Every day we encounter martyrs for the cause of mass transit. People
who might be healthy, alive, kept out of jail if only they had another
way to get from here to there. Our effort, as a body politic, is to
seek immediate help the Michigan legislature restore and expand the
$5 million Comprehensive Transportation Fund, now in jeopardy.
Consider first a wealthy Oakland County businessman, who declined
publishing his name. For countless years he contributed to Republican
coffers and civic charities. Then a guy with bad brakes crashed into
the businessman's car, causing a severe concussion and an upended
life without America's fifth freedom -- transportation.

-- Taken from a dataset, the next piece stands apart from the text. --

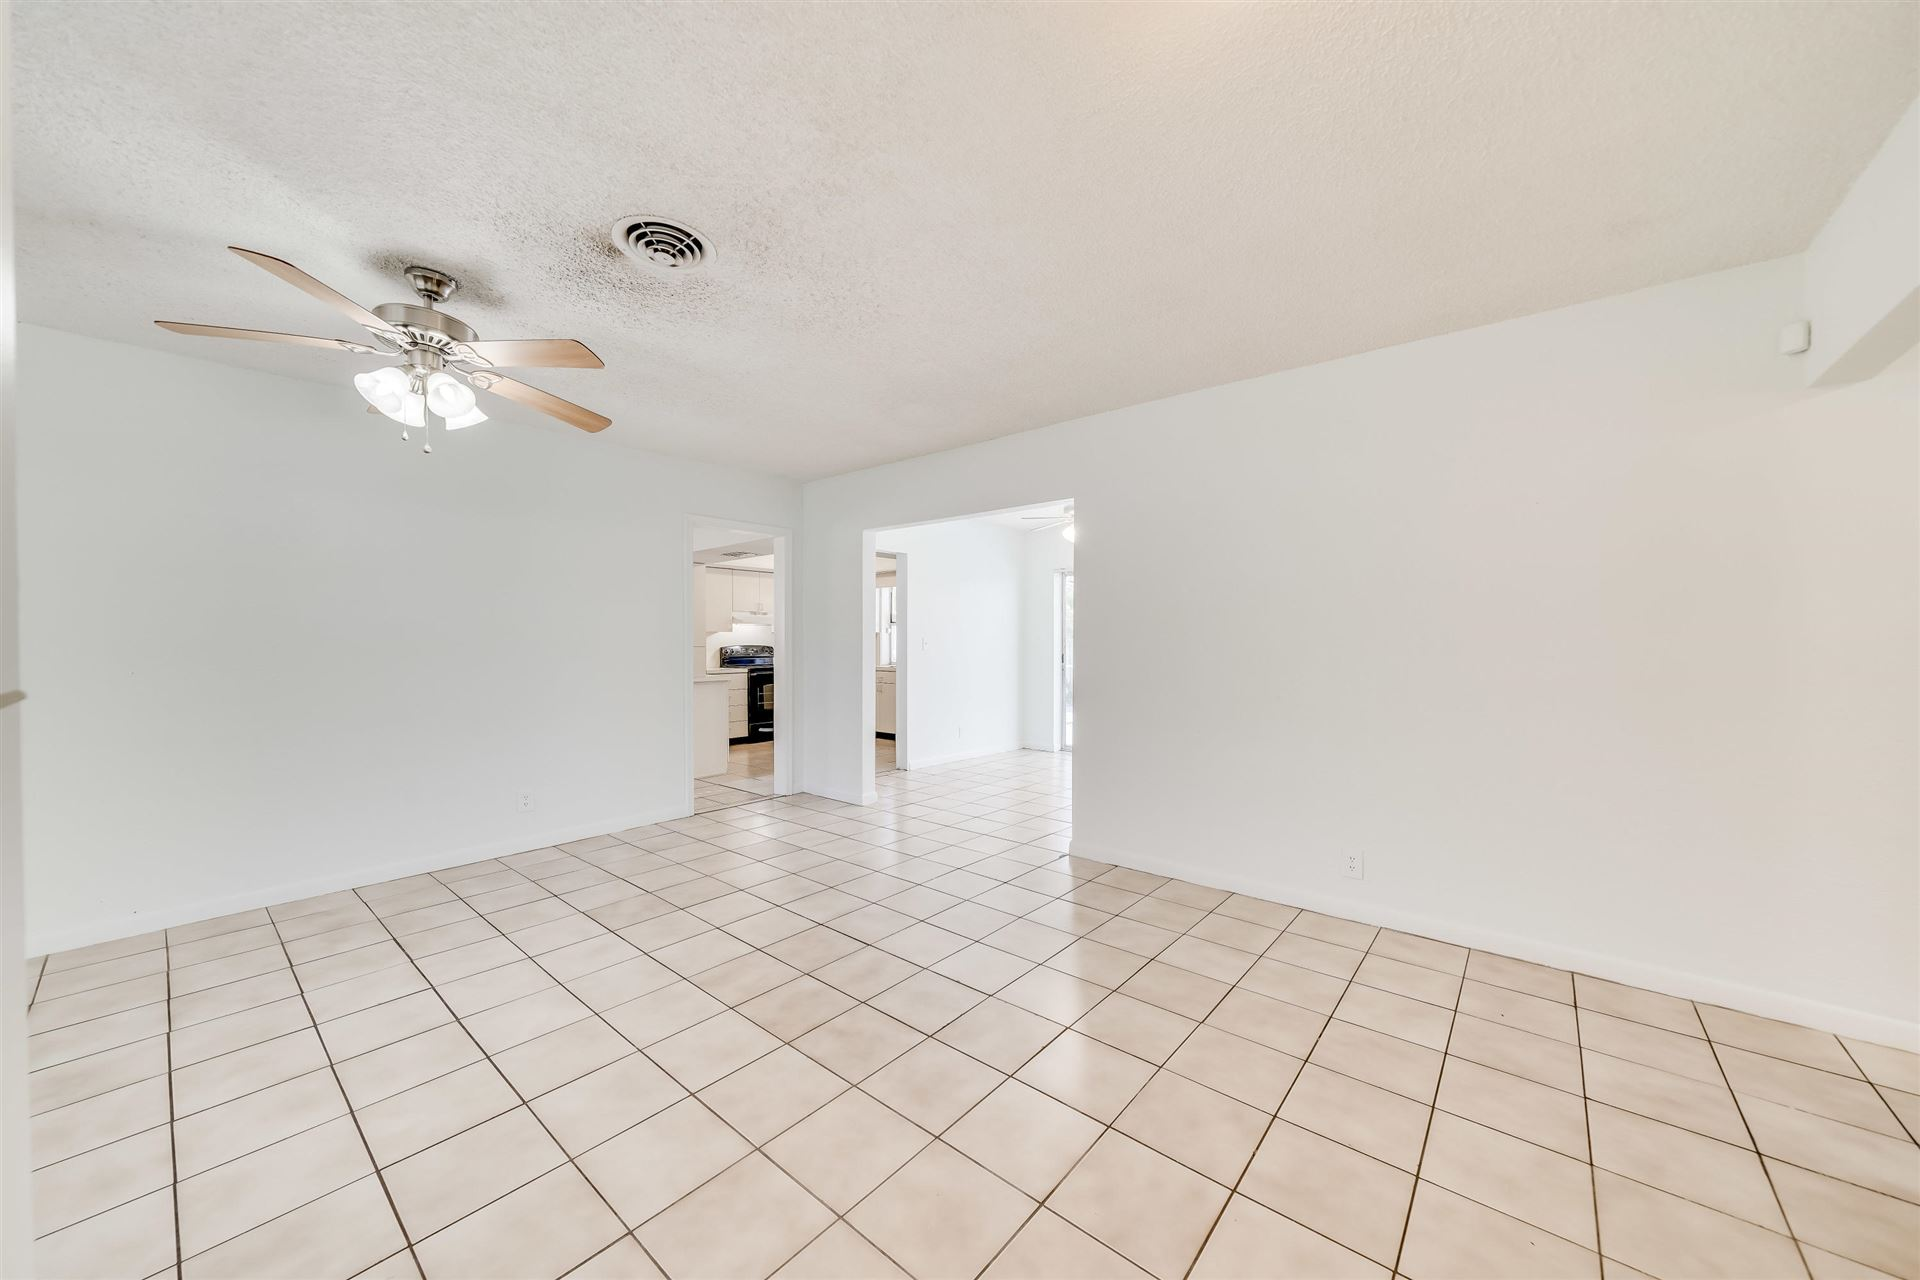 Photo of 6371 SW 10 Court, North Lauderdale, FL 33068 (MLS # RX-10672258)

He suffered such excruciating headaches he was unable to drive the
family Volvo or company truck. Instead he forked out $90 to take a
cab from home in Grosse Pointe to a church in Bloomfield Hills to
attend a funeral. He spends up to three hours trying to commute via
bus. All of us are riding on the mass need for transit, whether it
is because the car is in the shop, we're too drunk to drive tonight
or health prohibits driving.
Clinton Township insurance salesman, Robert W. Gallas, 47 will likely
spend the rest of his life wishing public transportation existed along
Romeo Plank Road in Clinton Township when he walked drunk out a bar
and stepped on the gas that fateful night in early February.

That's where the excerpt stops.